# PROBLEM 1 – Representing English Text (5 pts)

Read in these two GLUE datasets (see section “DATA” above). Also convert alphabetical characters to lower case:

    •    Dataset : SST  
         Use file : SST/train.tsv  
         Notes : Use column “sentence” (Ignore column “label”)

    •    Dataset : QNLI 
         Use File : QNLI/dev.tsv  
         Notes: Use column “sentence” (ignore columns “question” and “label”)
     
Convert each dataset into a single list of tokens by applying the function “word_tokenize()” in the NLTK :: nltk.tokenize package.

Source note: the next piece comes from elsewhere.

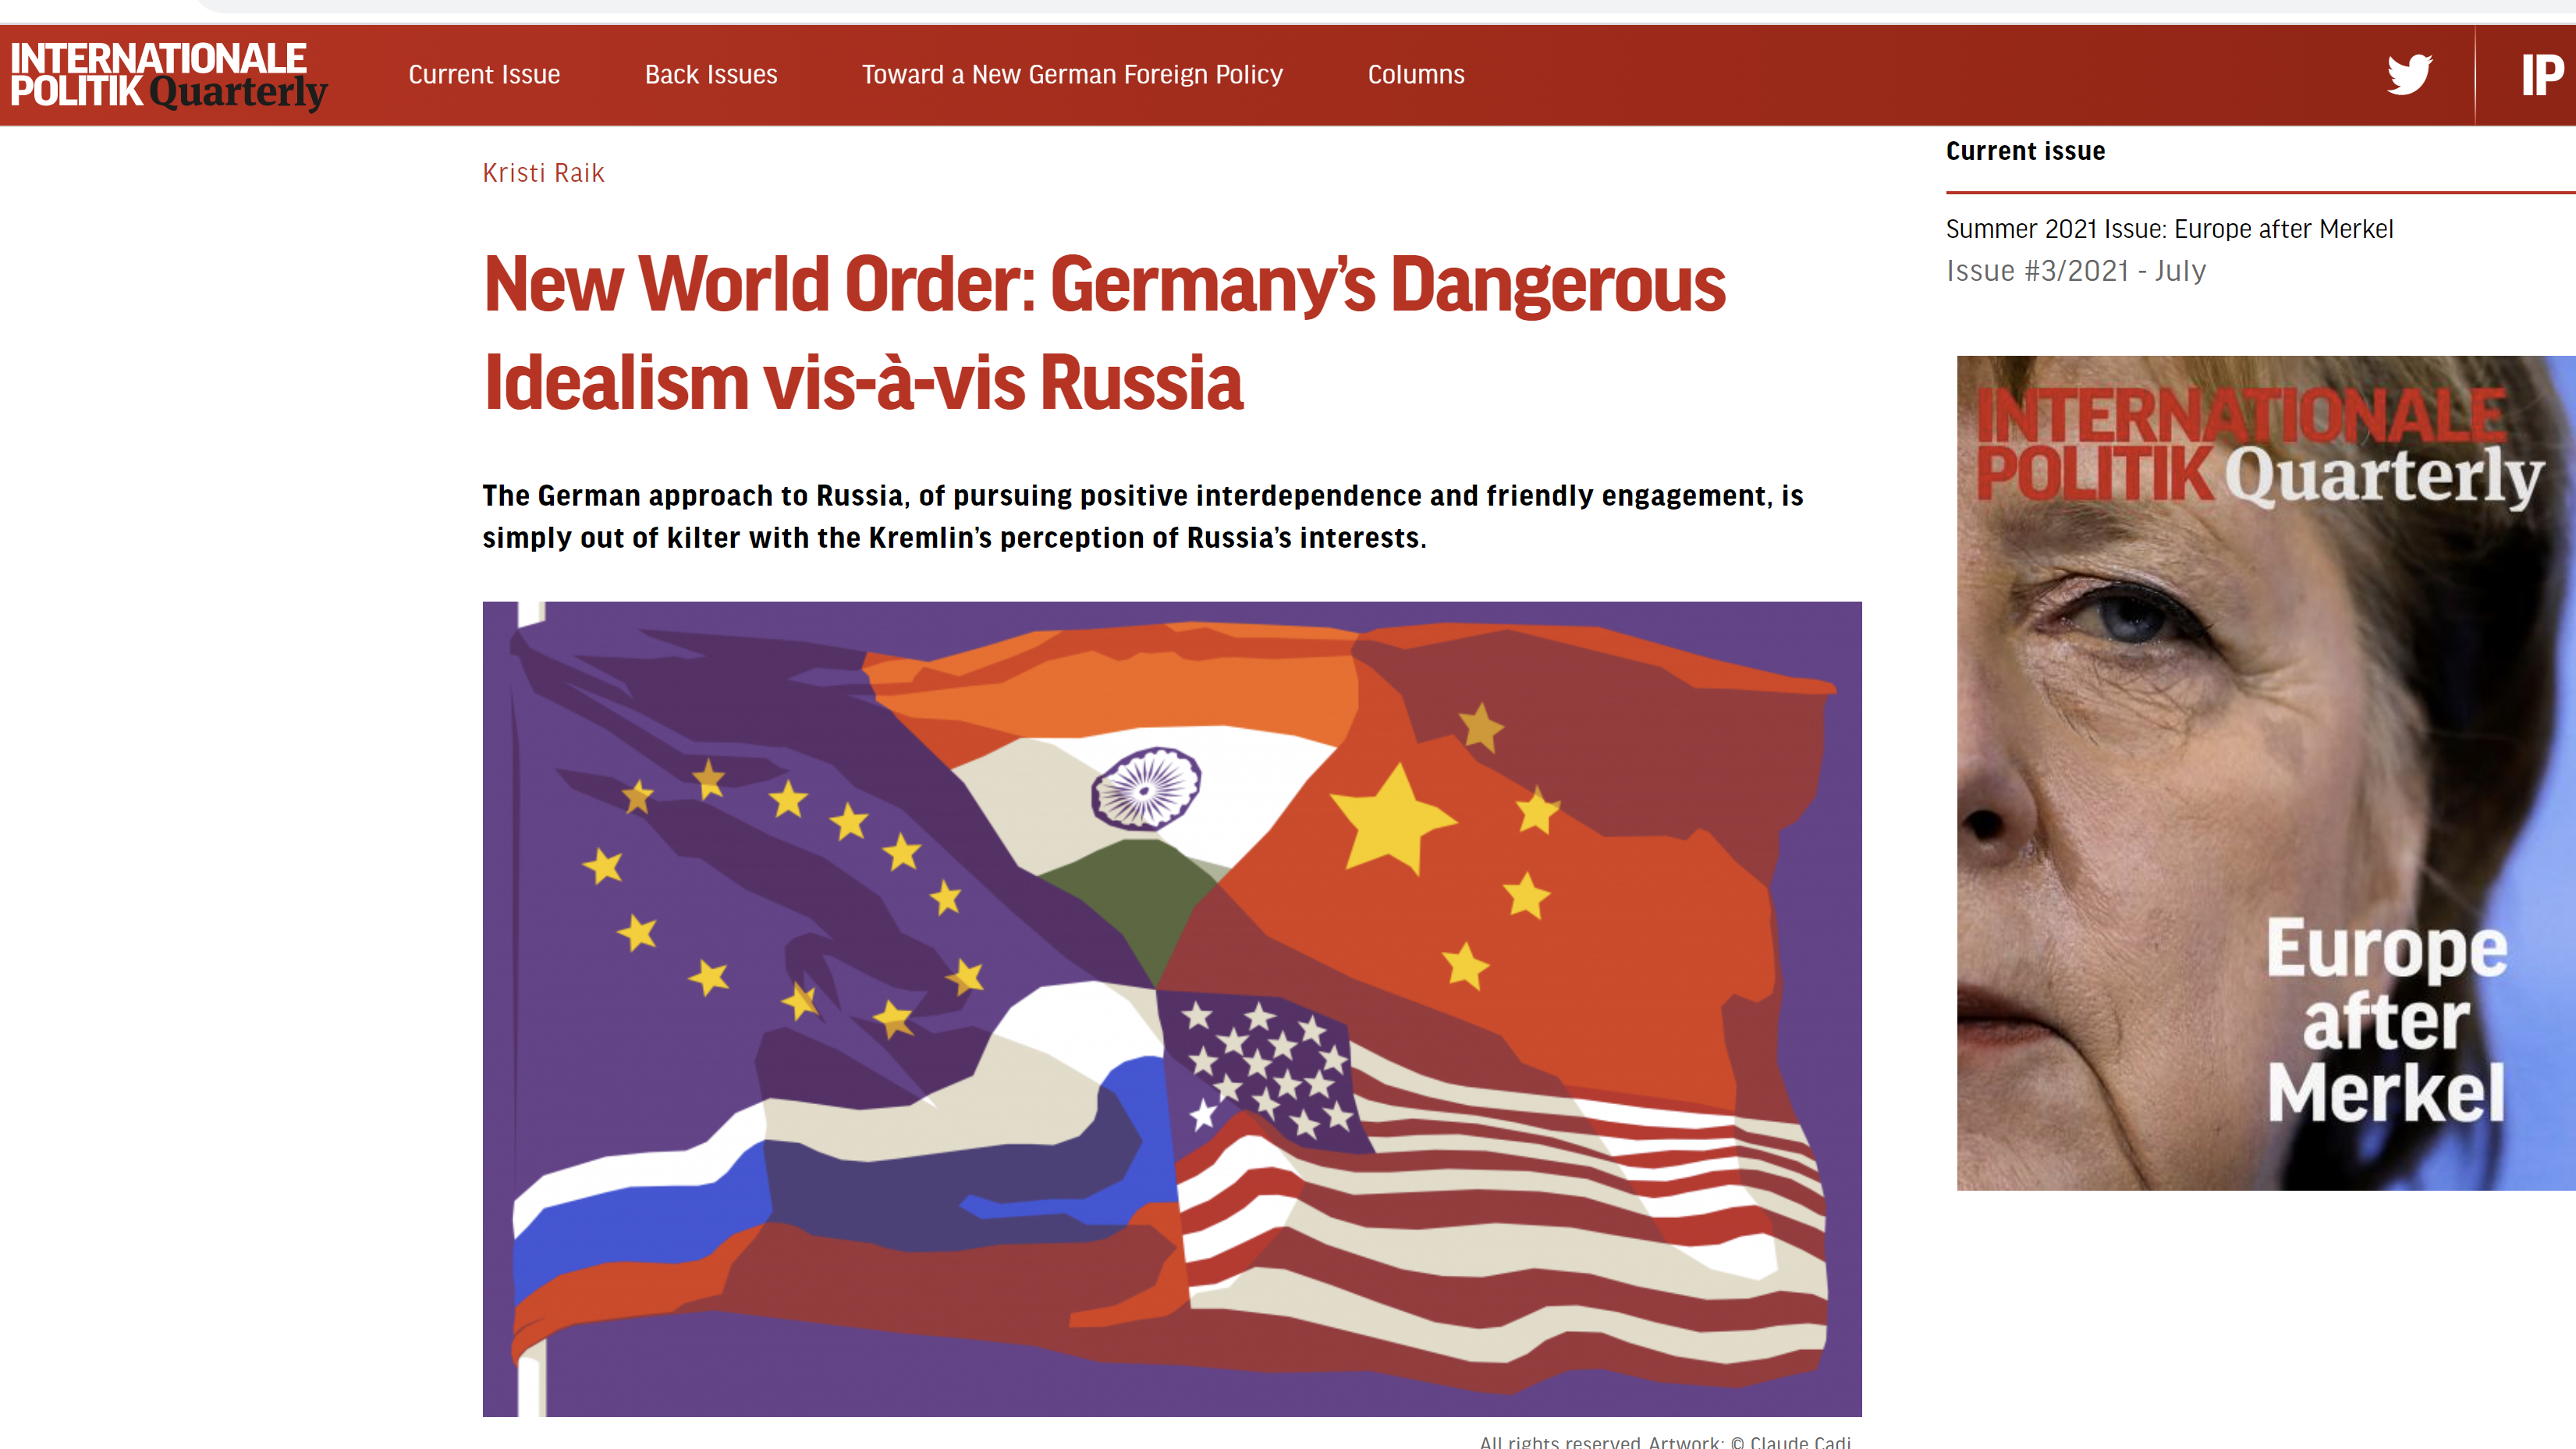 Image for “Germany’s Dangerous Idealism vis-à-vis Russia” by Kristi Raik in Internationale Politik

We will use these lists represent two distributions of English text.
To show you have finished this step, print the first 10 tokens from each dataset.

In [9]:
import nltk
from nltk.tokenize import word_tokenize
import pandas as pd

# Download NLTK data
nltk.download('punkt')

# Read in the SST datasets
sst_df = pd.read_csv('/Users/pradaapss/Desktop/Semester 3/CS 585 NLP/Assignment 1/SST-2/train.tsv', sep='\t', usecols=['sentence'])

# Read in the QNLI datasets
qnli_df = pd.read_csv('/Users/pradaapss/Desktop/Semester 3/CS 585 NLP/Assignment 1/QNLI/dev.tsv', sep='\t', usecols=['sentence'])

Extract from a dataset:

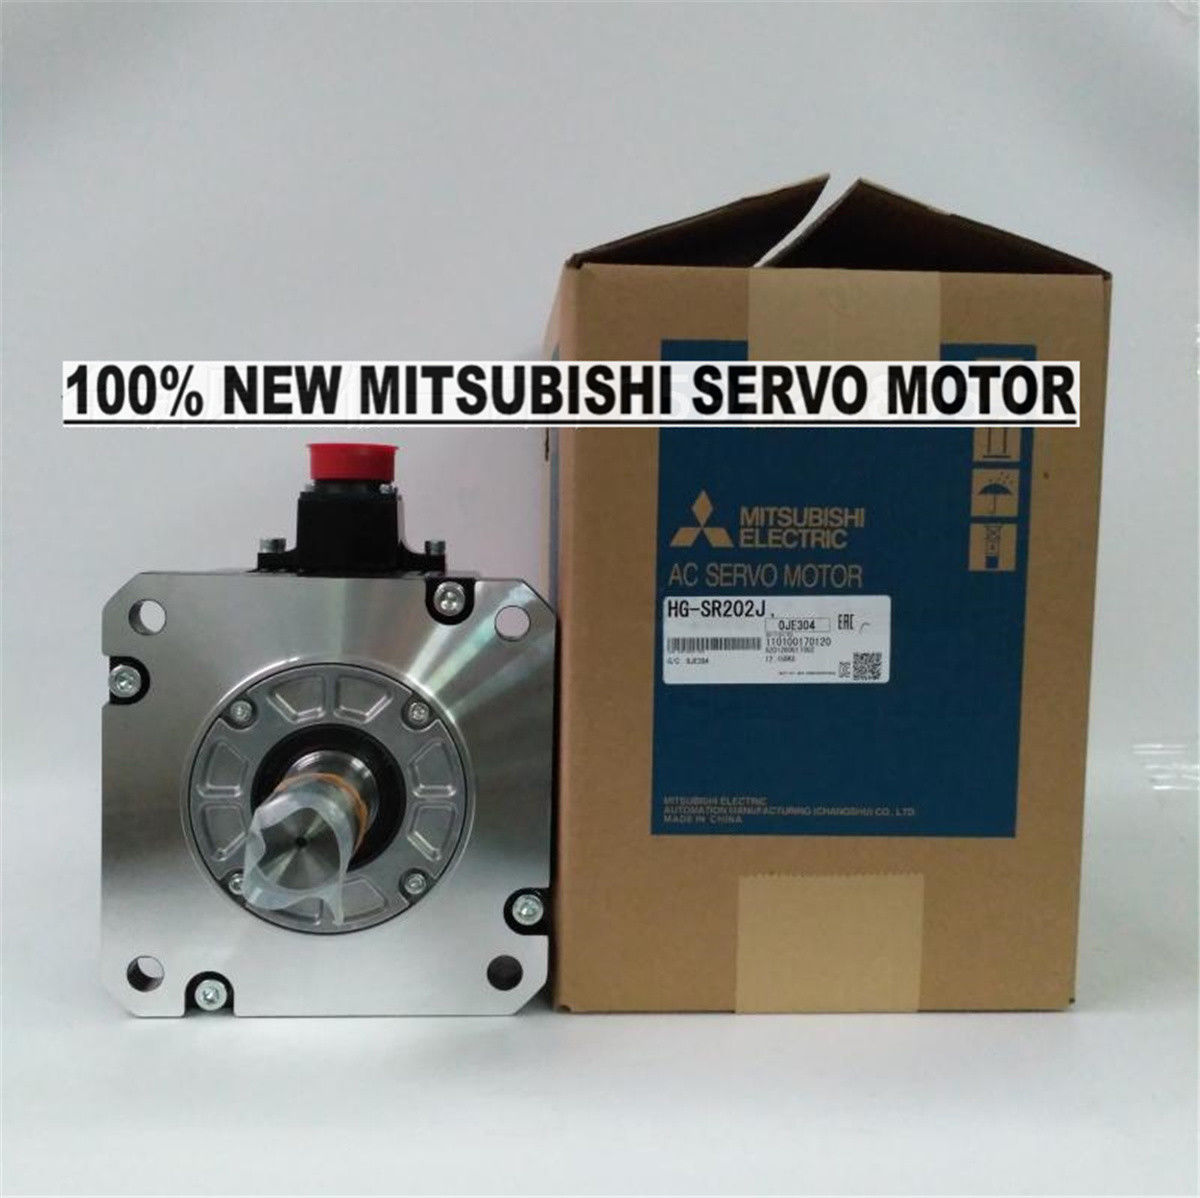 NEW Mitsubishi Servo Motor HG-SR202J in box HGSR202J

# Convert sentences to lowercase
sst_df['sentence'] = sst_df['sentence'].str.lower()
qnli_df['sentence'] = qnli_df['sentence'].str.lower()

# Tokenize the sentences
sst_tokens = [word_tokenize(sentence) for sentence in sst_df['sentence']]
qnli_tokens = [word_tokenize(sentence) for sentence in qnli_df['sentence']]

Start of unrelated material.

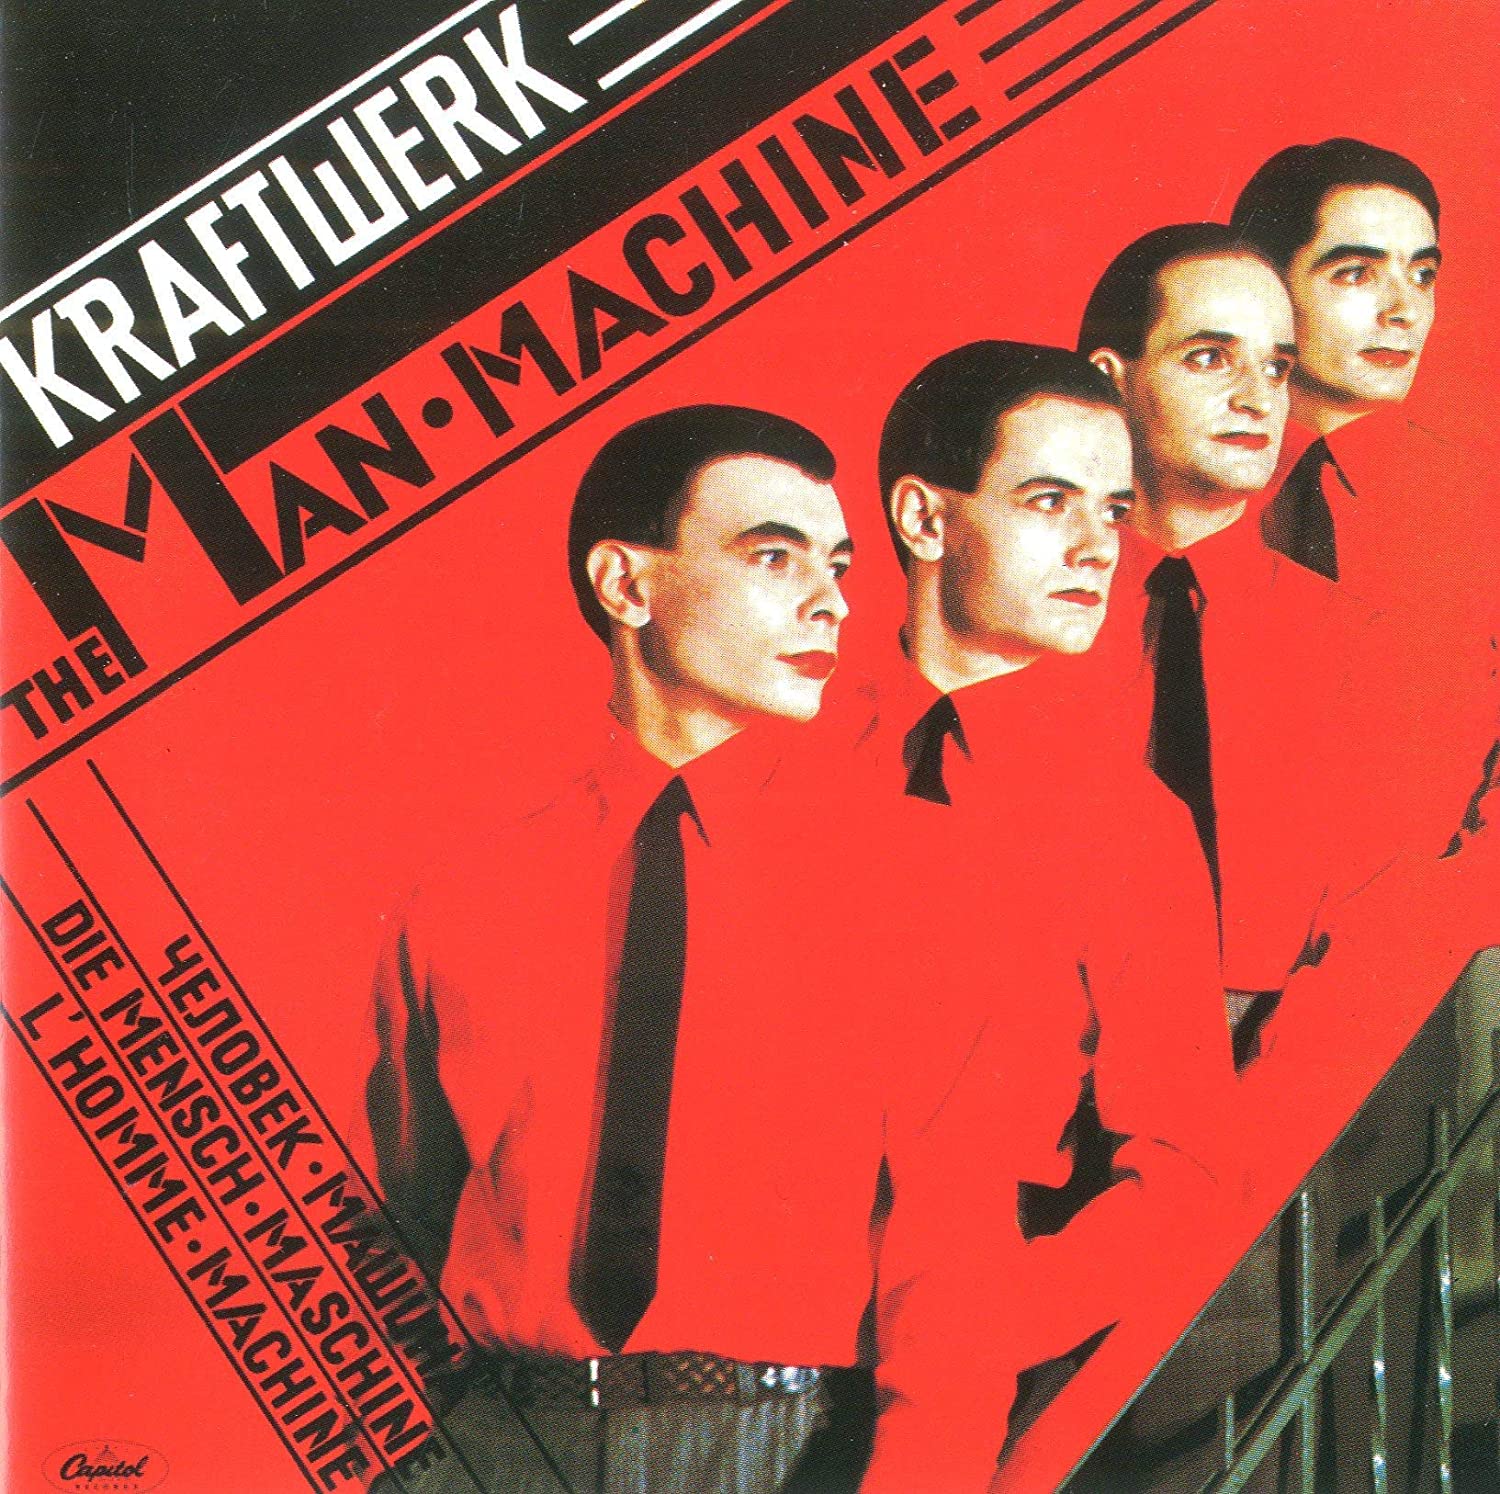 Kraftwerk "The Man Machine" (color vinyl) LP

# Print the first 10 tokens from each dataset
print("First 10 tokens in SST dataset:")
for sst_token in sst_tokens[:10]:
    print(sst_token)

print("\nFirst 10 tokens in QNLI dataset:")
for qnli_token in qnli_tokens[:10]:
    print(qnli_token)


[nltk_data] Downloading package punkt to /Users/pradaapss/nltk_data...
[nltk_data]   Package punkt is already up-to-date!


First 10 tokens in SST dataset:
['hide', 'new', 'secretions', 'from', 'the', 'parental', 'units']
['contains', 'no', 'wit', ',', 'only', 'labored', 'gags']
['that', 'loves', 'its', 'characters', 'and', 'communicates', 'something', 'rather', 'beautiful', 'about', 'human', 'nature']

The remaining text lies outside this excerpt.